Management completed a purchase price allocation and its assessment of the fair value of acquired assets and liabilities assumed. The recognized amounts of identifiable assets acquired, and liabilities assumed, based on their fair values as of July 1, 2019 are set forth below:
Current assets$8,925 
Long-term assets397 
Identifiable intangible assets19,114 
Deferred income tax liability(2,593)
Total other liabilities assumed(7,457)
Total identifiable net assets18,386 
Goodwill19,390 
Net assets acquired$37,776 
Measurement period adjustments were made during the second quarter of fiscal 2020 relating to accrued expenses and working capital, which resulted in adjustments to the goodwill amount recorded. Additional measurement period adjustments were made during the third quarter of fiscal 2020 relating to income taxes.
The goodwill of $19,390 arising from this acquisition consists largely of the growth potential, synergies and economies of scale expected from combining the operations of the Company with those of Geezeo, together with the value of Geezeo's assembled workforce. The goodwill from this acquisition has been allocated to our Complementary segment and is not deductible for income tax purposes.

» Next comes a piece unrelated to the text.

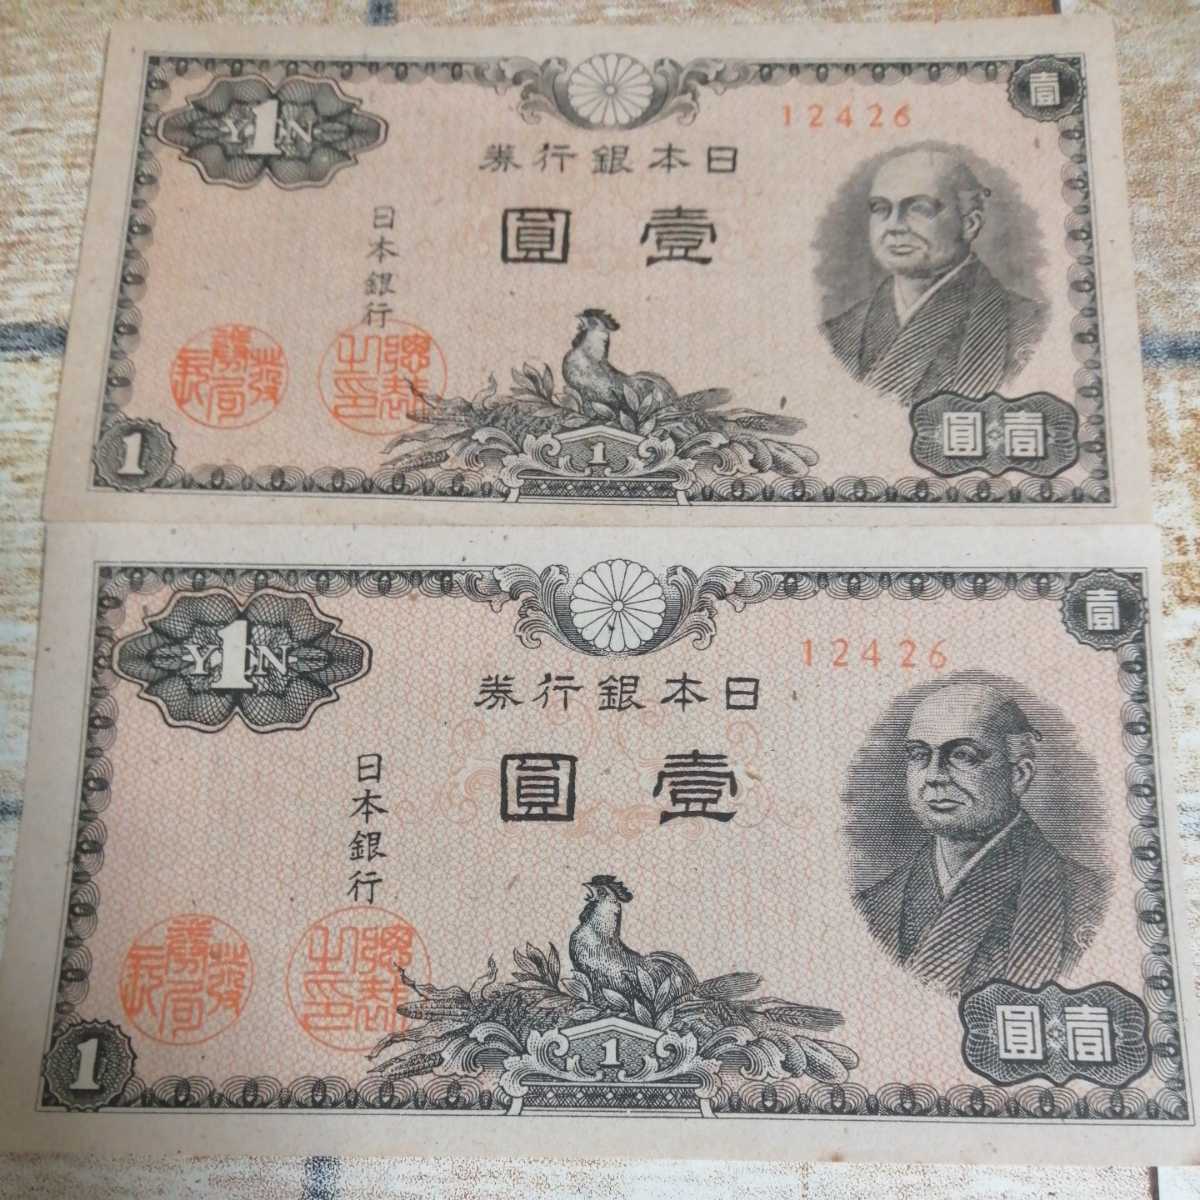 ヤフオク 日本銀行券 1円札 二宮尊徳 壹圓 紙幣 エラー サ

Identifiable intangible assets from this acquisition consist of customer relationships of $10,522, computer software of $5,791, and other intangible assets of $2,801. The amortization period for acquired customer relationships, computer software, and other intangible assets is 15 years for each.
Current assets were inclusive of cash acquired of $7,400. The fair value of current assets acquired included accounts receivable of $1,373, none of which were expected to be uncollectible.
Costs incurred related to the acquisition of Geezeo in fiscal 2020 totaled $30 for professional services, travel, and other fees, and were expensed as incurred and reported within cost of revenue and selling, general, and administrative expense.
The Company's consolidated statement of income for the fiscal year ended June 30, 2021 included revenue of $13,233 and after-tax net income of $4,805 resulting from Geezeo's operations. The Company's consolidated statement of income for the fiscal year ended June 30, 2020 included revenue of $8,969 and after-tax net income of $654 resulting from Geezeo's operations.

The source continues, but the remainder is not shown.